• _Recorded data_:
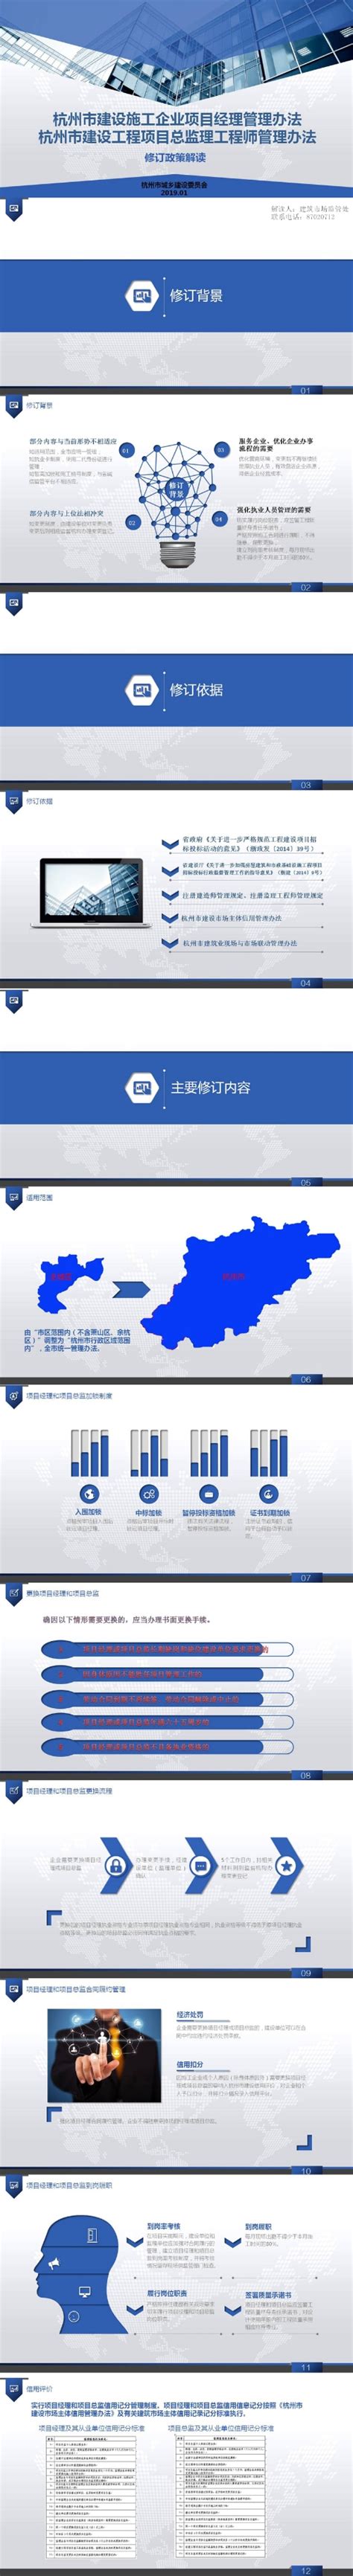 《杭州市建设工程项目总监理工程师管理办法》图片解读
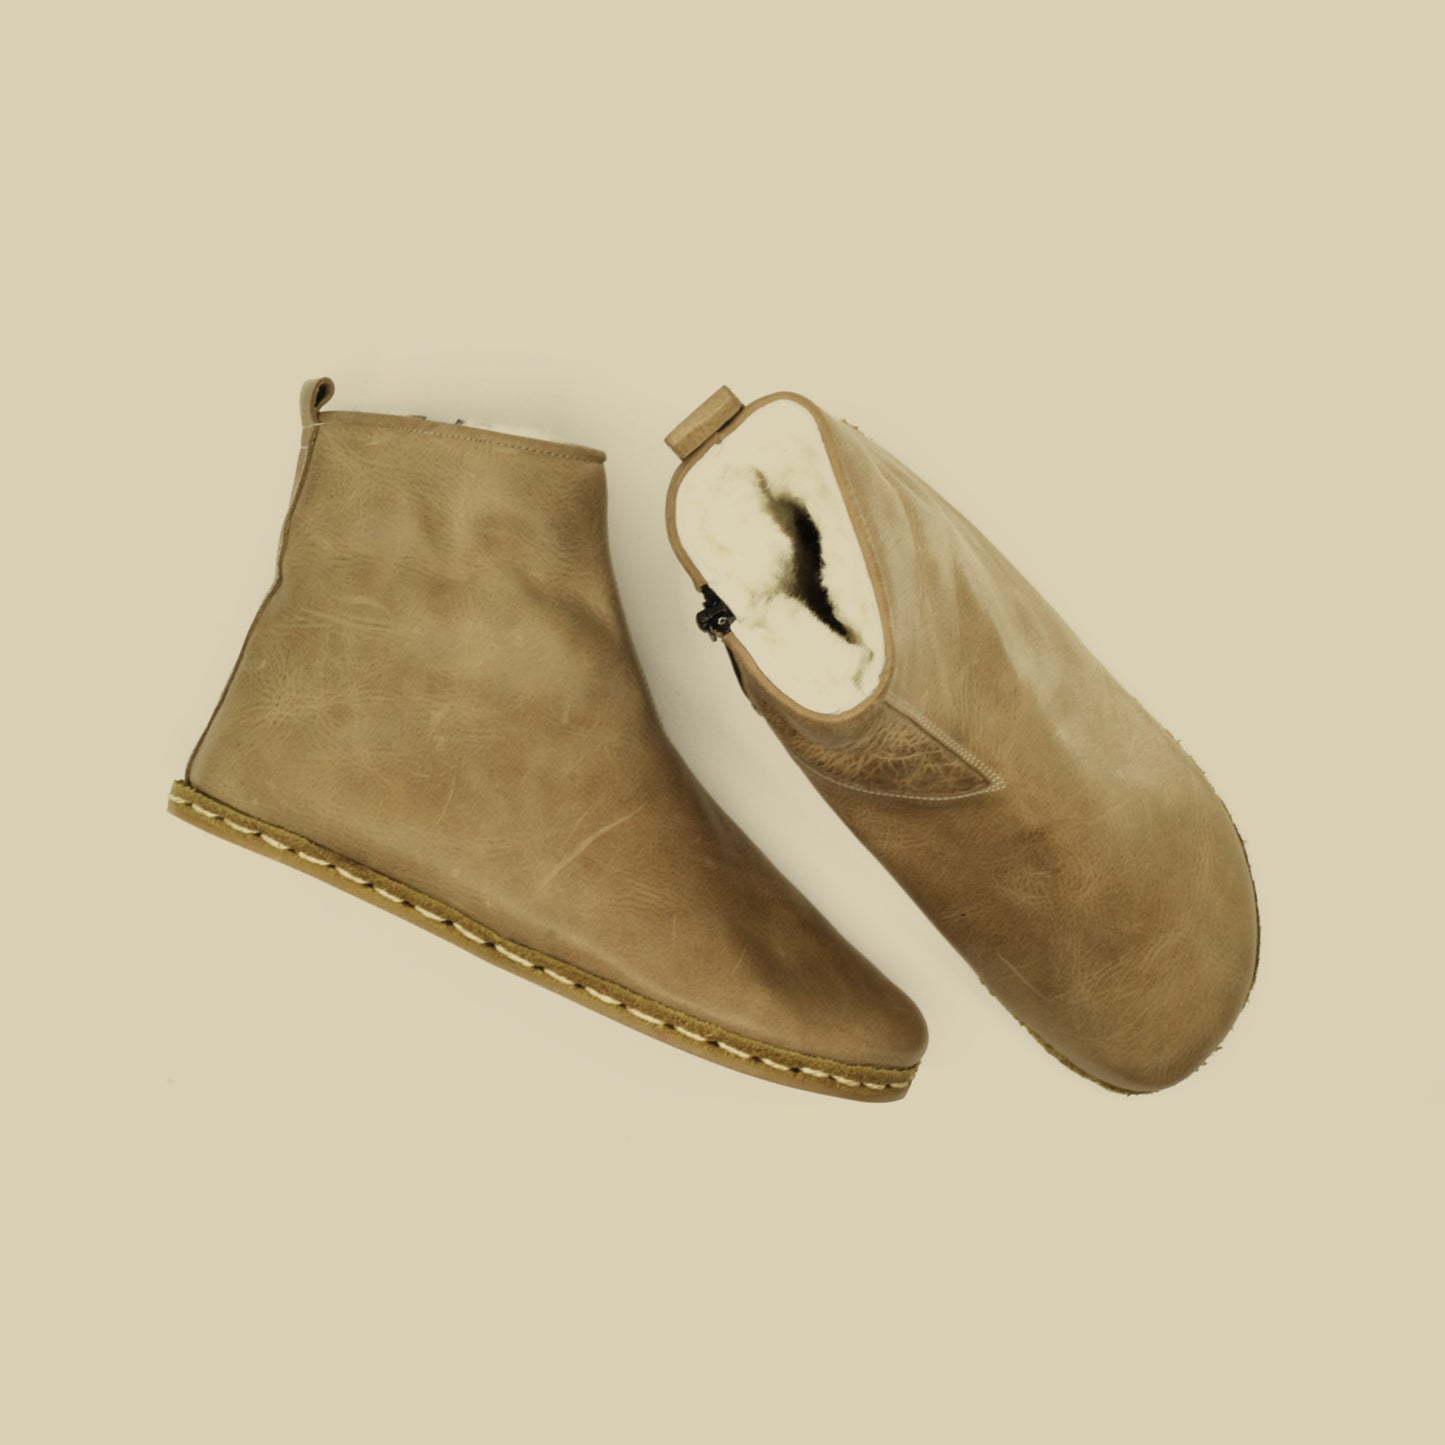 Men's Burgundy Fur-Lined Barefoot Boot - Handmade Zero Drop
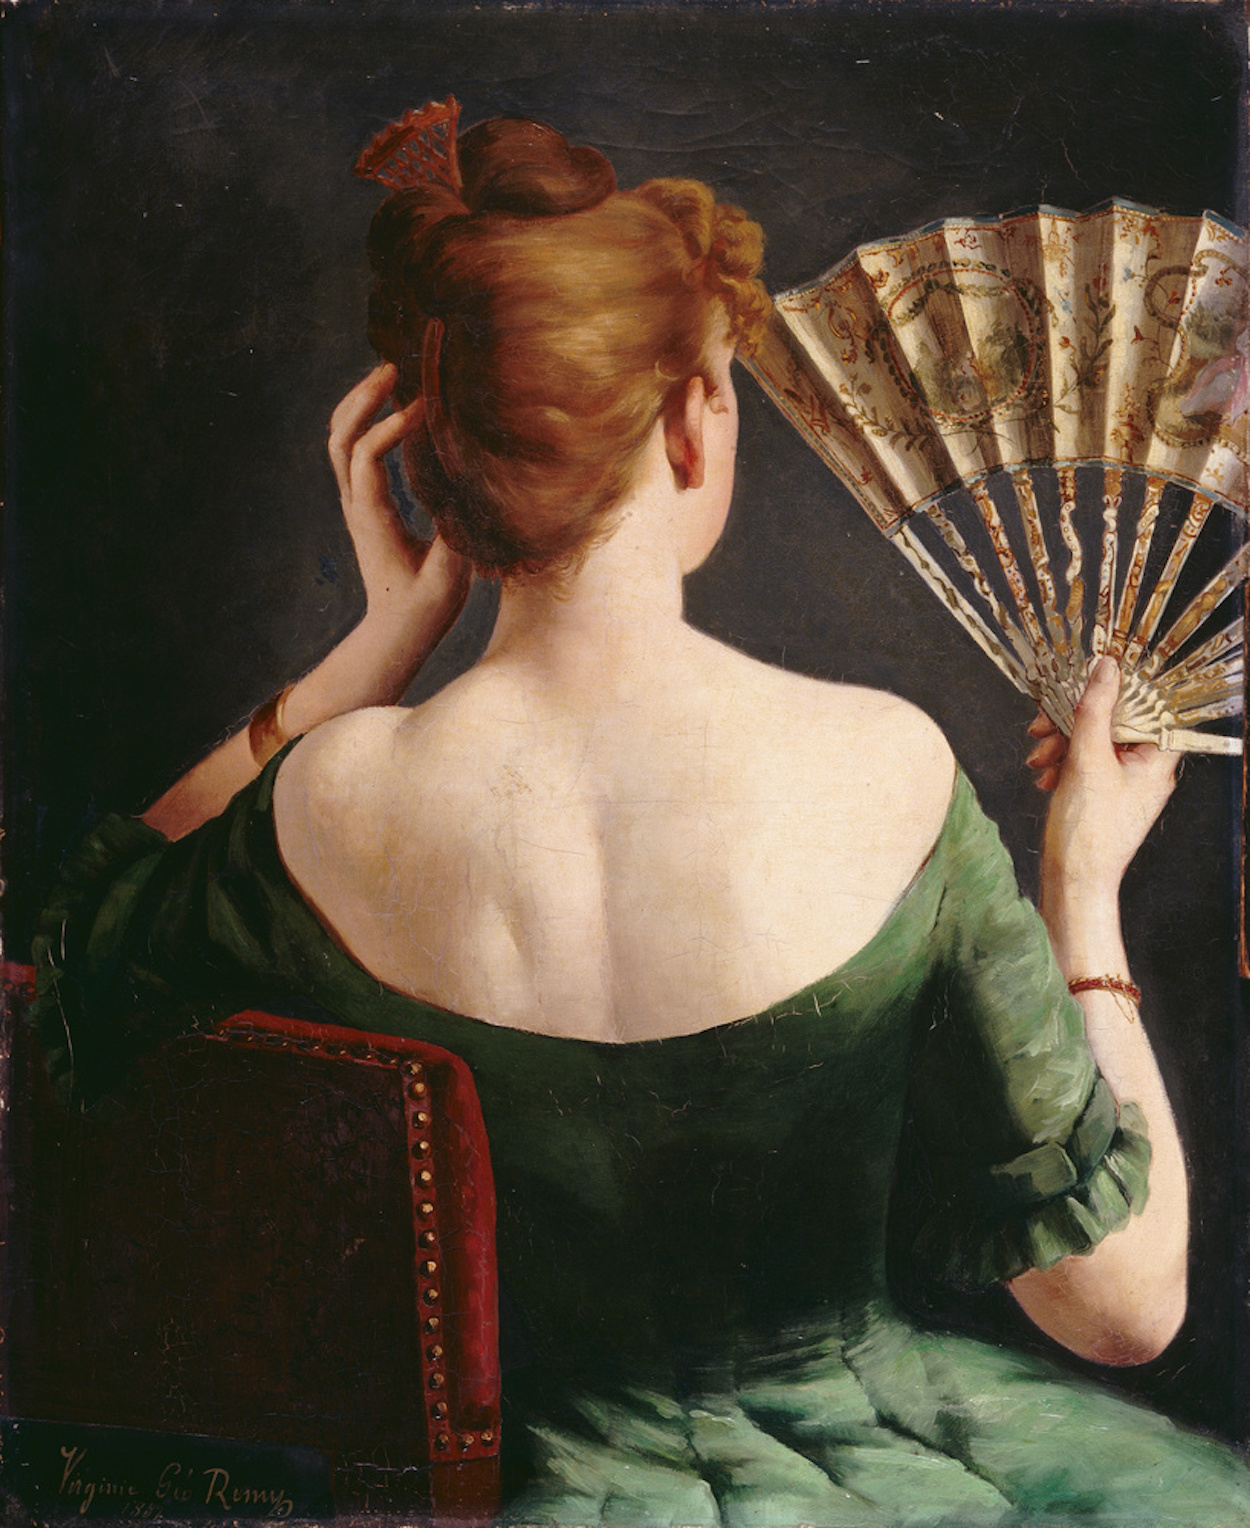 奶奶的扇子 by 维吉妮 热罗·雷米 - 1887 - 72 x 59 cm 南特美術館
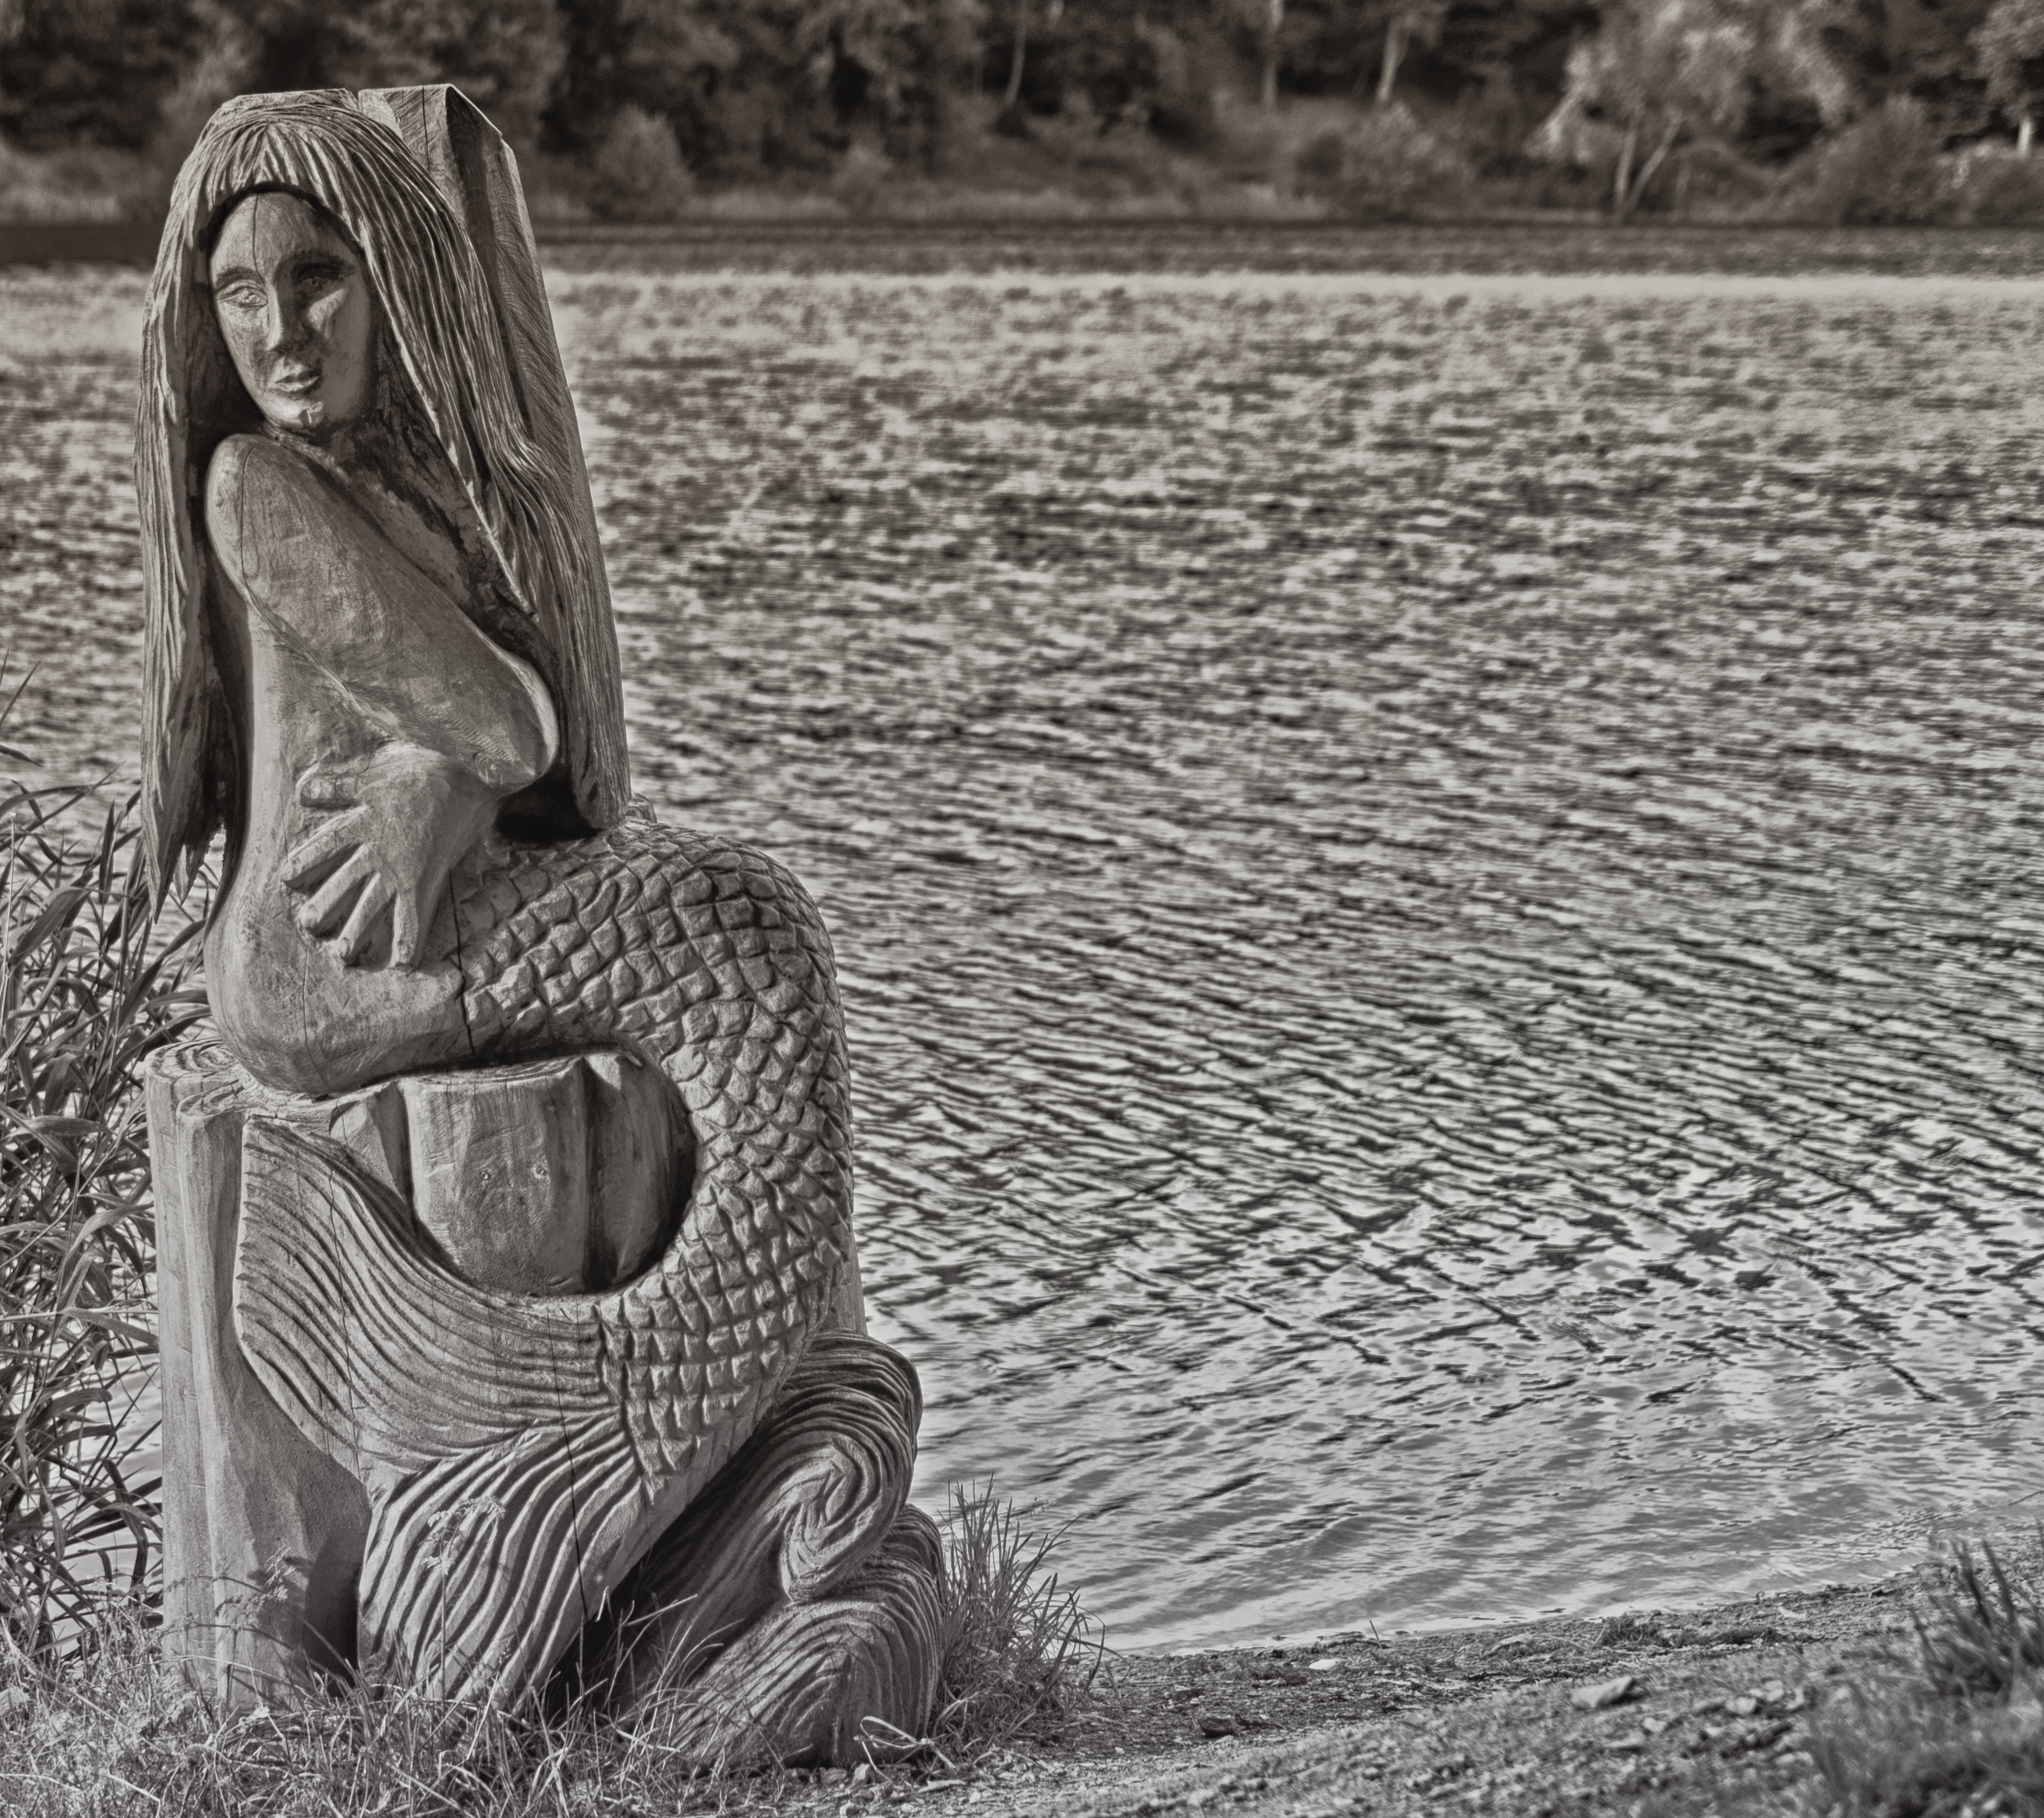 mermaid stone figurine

• _Work request_: The answer must be the listing above, restated word for word, with no images in it.

• _Exercise solution_:
 《杭州市建设工程项目总监理工程师管理办法》图片解读
 Men's Burgundy Fur-Lined Barefoot Boot - Handmade Zero Drop
 奶奶的扇子 by 维吉妮 热罗·雷米 - 1887 - 72 x 59 cm 南特美術館
 mermaid stone figurine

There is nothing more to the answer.